Coulomb-correlated few-electron states in a transmission electron microscope beam

Correlations between electrons are ubiquitous in atomic, molecular, and solid-state systems. Observing such phenomena for free electrons requires a highly degenerate phase space density, readily available by femtosecond photoemission from nanotips [1,2], and benefits from the supreme beam control of electron microscopes [3]. However, ensemble-averaged detection usually prevents studying multi-particle correlations in free-electron beams.

In this work, we use event-based electron microscopy to characterize laser-triggered few-electron pulses generated at a Schottky field emitter [4]. We find surprisingly strong energy correlations of about 2~eV in the two- and three-electron states hinting at a correlated emission process. Furthermore, state-sorted beam caustics show characteristic transverse pair distributions, as well as an increase and a longitudinal shift of the source.
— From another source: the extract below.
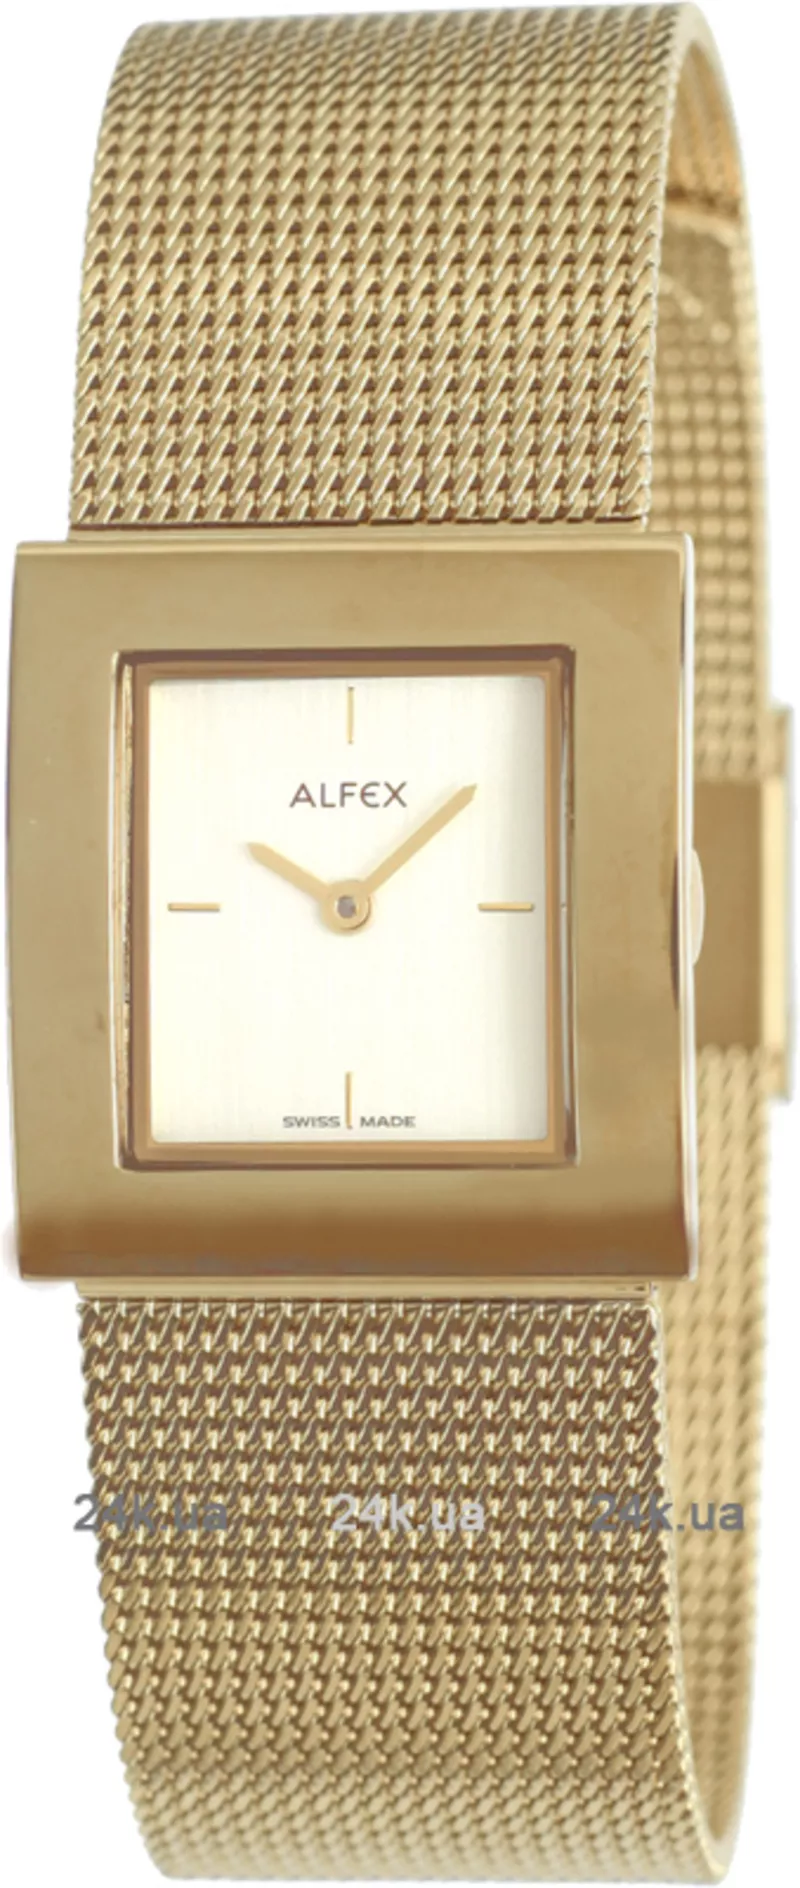 Часы Alfex 5217/196

Inducing strong few-electron Coulomb correlations facilitates non-Poissonian electron pulse statistics, promising heralded electron sources, shot-noise-reduced lithography, and applications in free-electron quantum optics and matter wave interferometry.

[1] P. Hommelhoff, et al., Phys. Rev. Lett. 96, 077401 (2006)

[2] C. Ropers, et al., Phys. Rev. Lett. 98, 043907 (2007)

[3] A. Feist, et al., Ultramicroscopy 176, 63-73 (2017)

[4] R. Haindl, et al., arXiv:2209.12300 (2022)